DATA SHOWN →
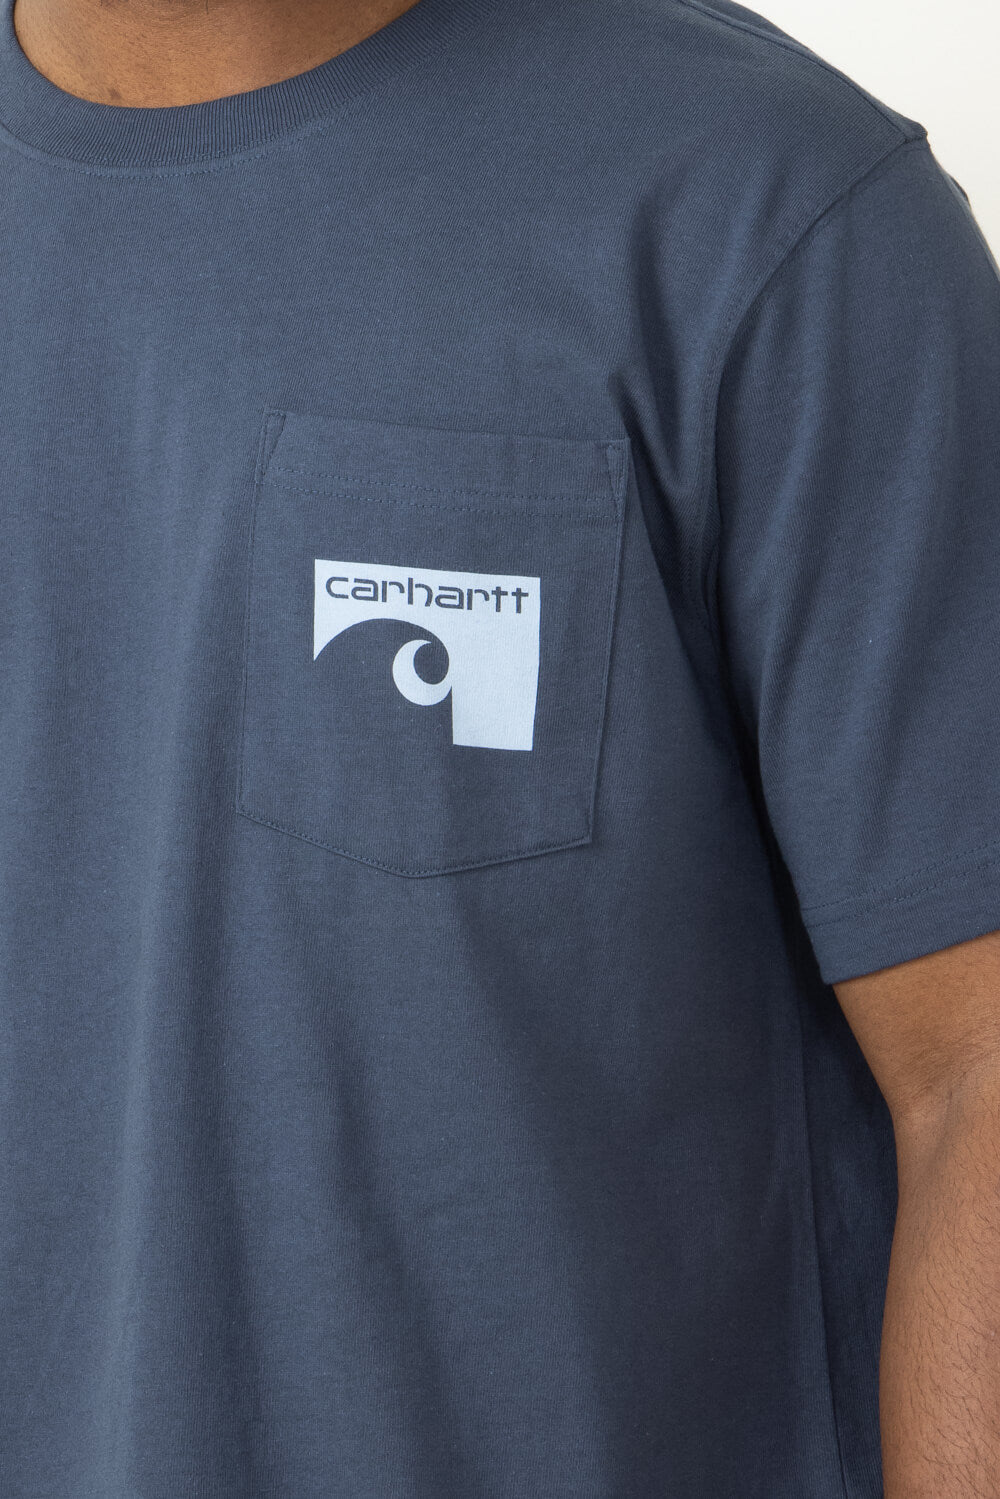 Carhartt Force Sun Defender Lightweight Logo Graphic T-Shirt for
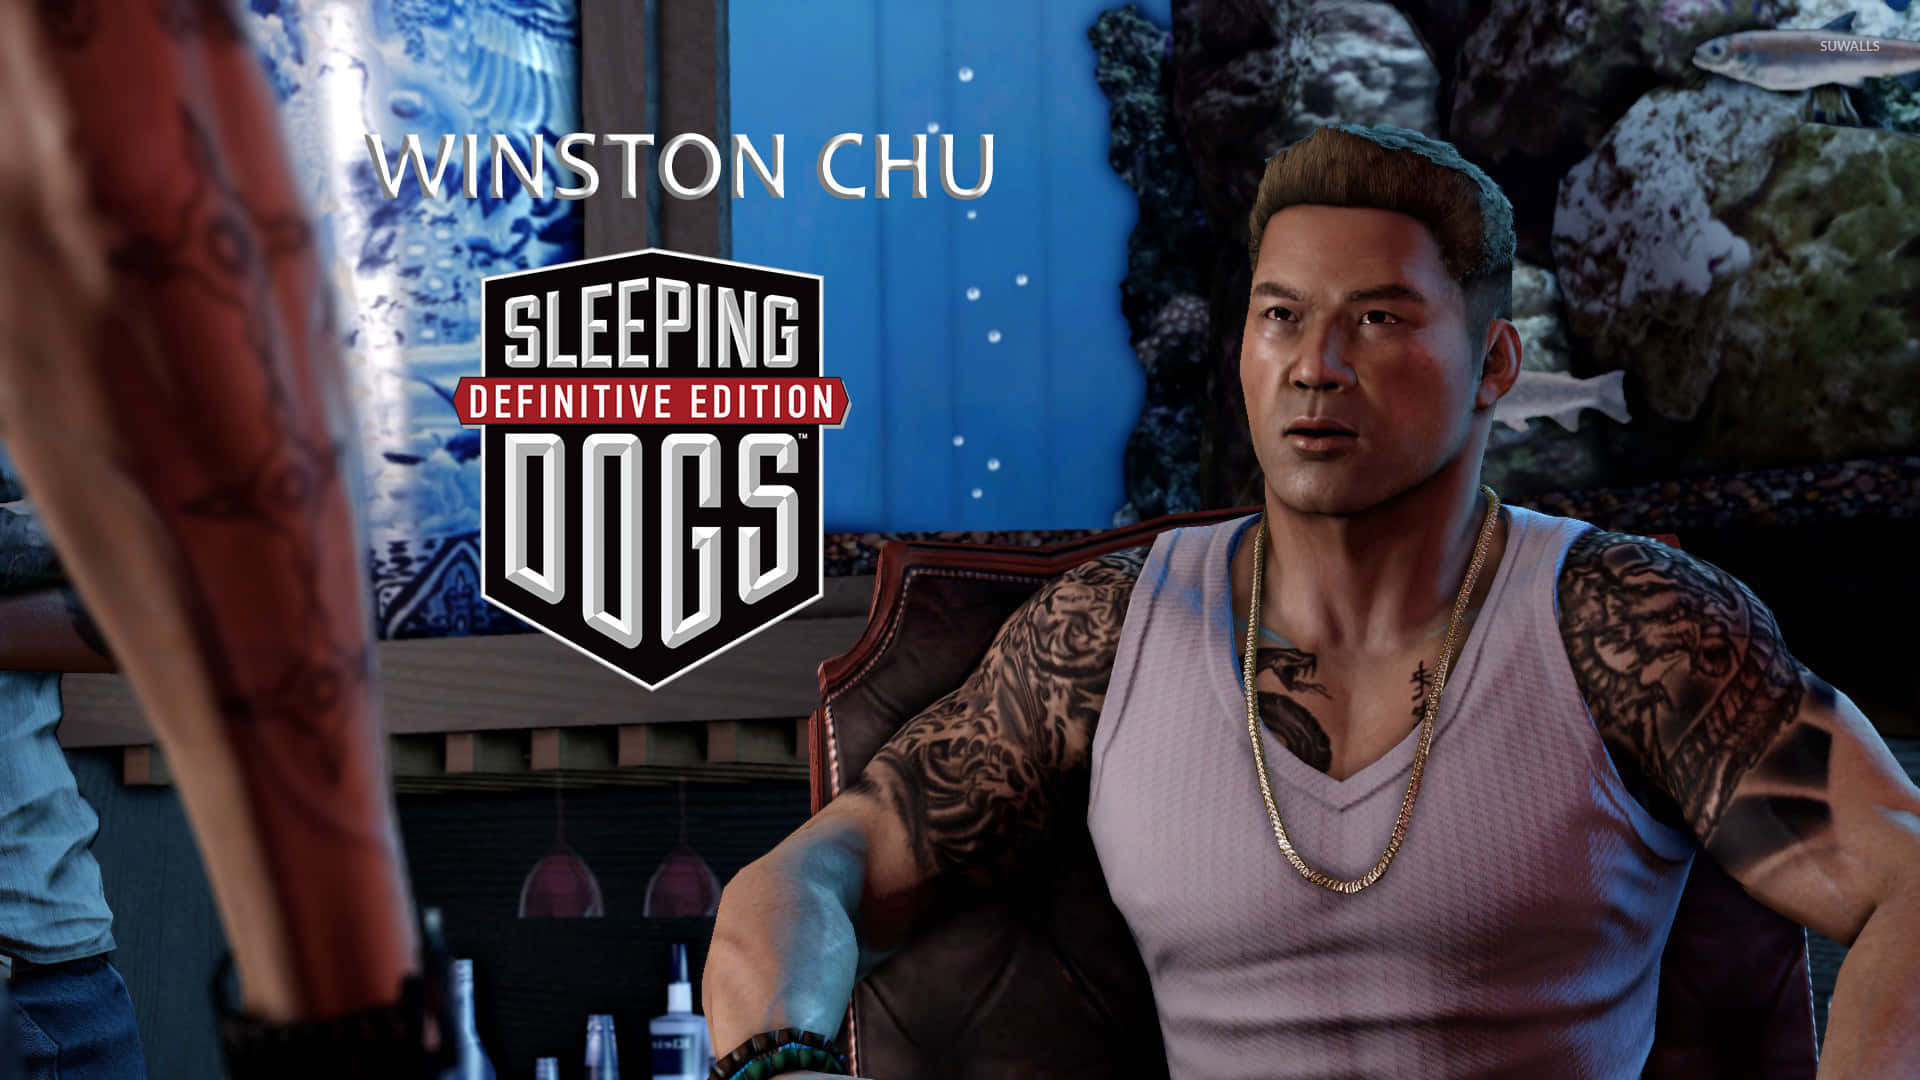 Bästabakgrundsbilden För Sleeping Dogs Är Winston Chu I Hans Kontor.
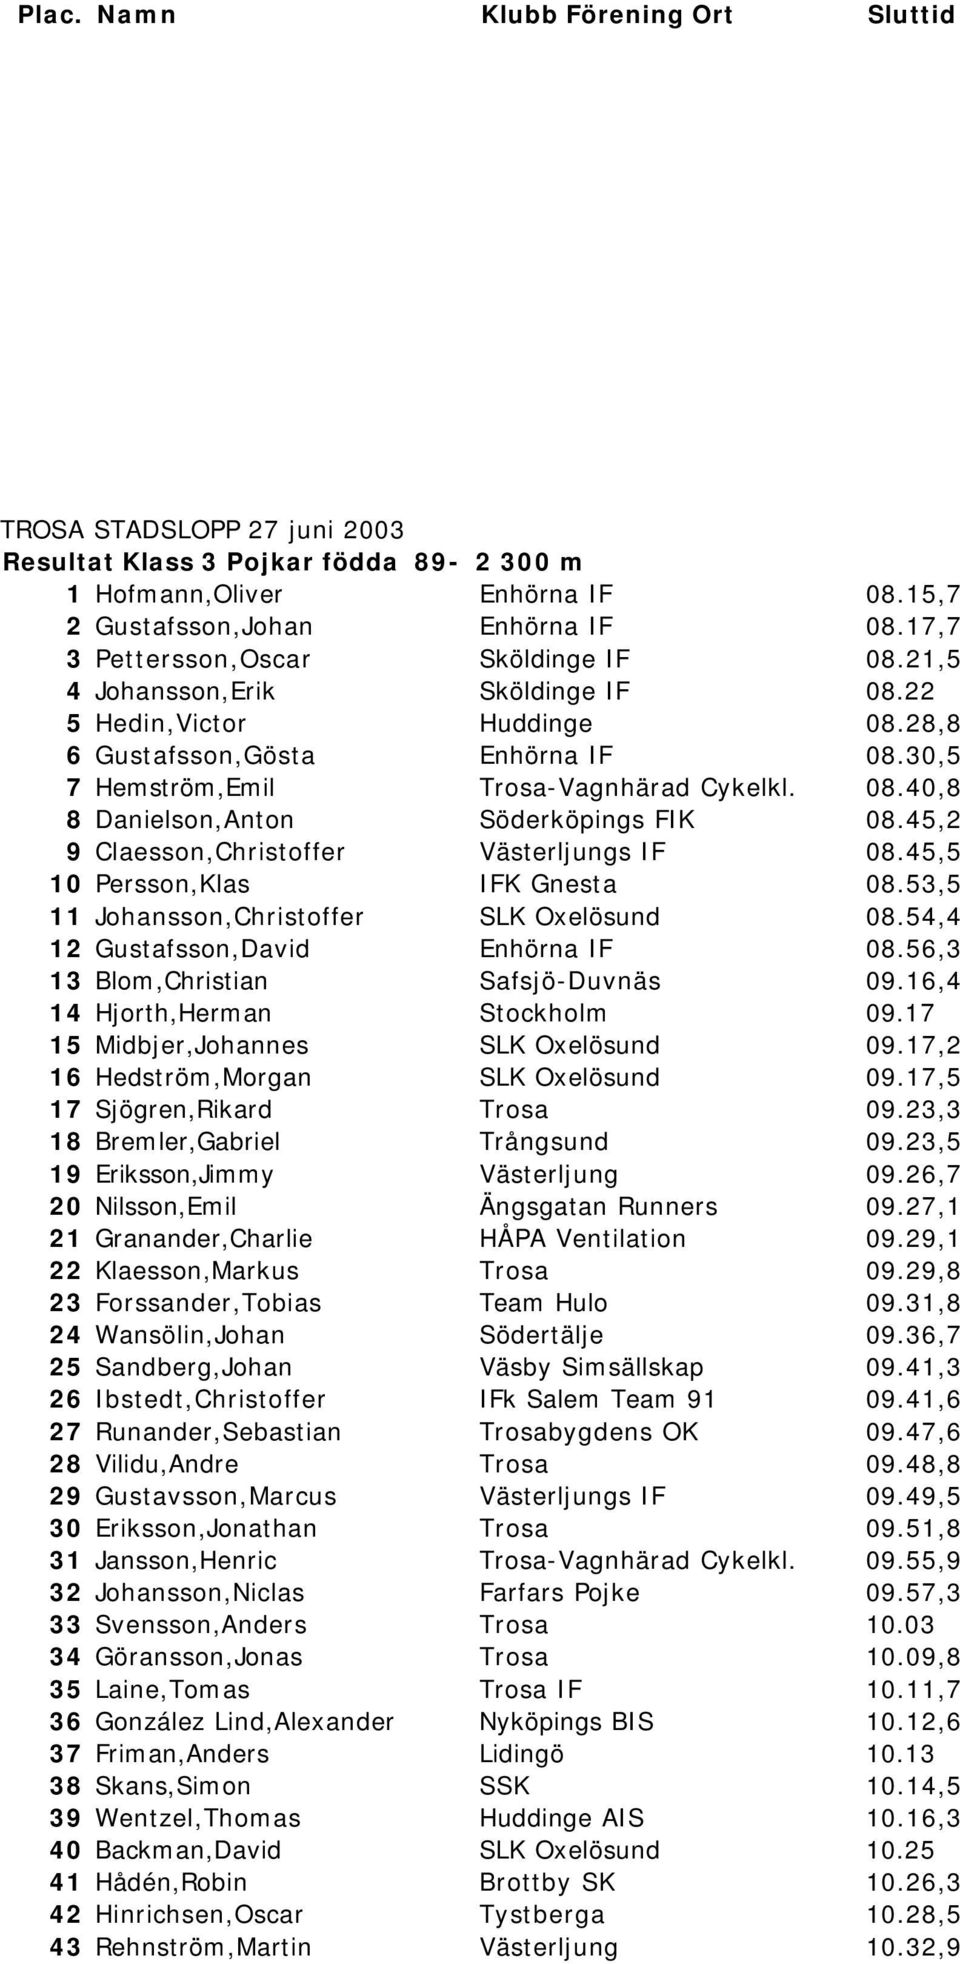 45,2 9 Claesson,Christoffer Västerljungs IF 08.45,5 10 Persson,Klas IFK Gnesta 08.53,5 11 Johansson,Christoffer SLK Oxelösund 08.54,4 12 Gustafsson,David Enhörna IF 08.

WORK REQUEST →
Each line above must be repeated exactly in the answer, with pictures omitted.

EXERCISE ANSWER →
 Carhartt Force Sun Defender Lightweight Logo Graphic T-Shirt for
 Bästabakgrundsbilden För Sleeping Dogs Är Winston Chu I Hans Kontor.
 45,2 9 Claesson,Christoffer Västerljungs IF 08.45,5 10 Persson,Klas IFK Gnesta 08.53,5 11 Johansson,Christoffer SLK Oxelösund 08.54,4 12 Gustafsson,David Enhörna IF 08.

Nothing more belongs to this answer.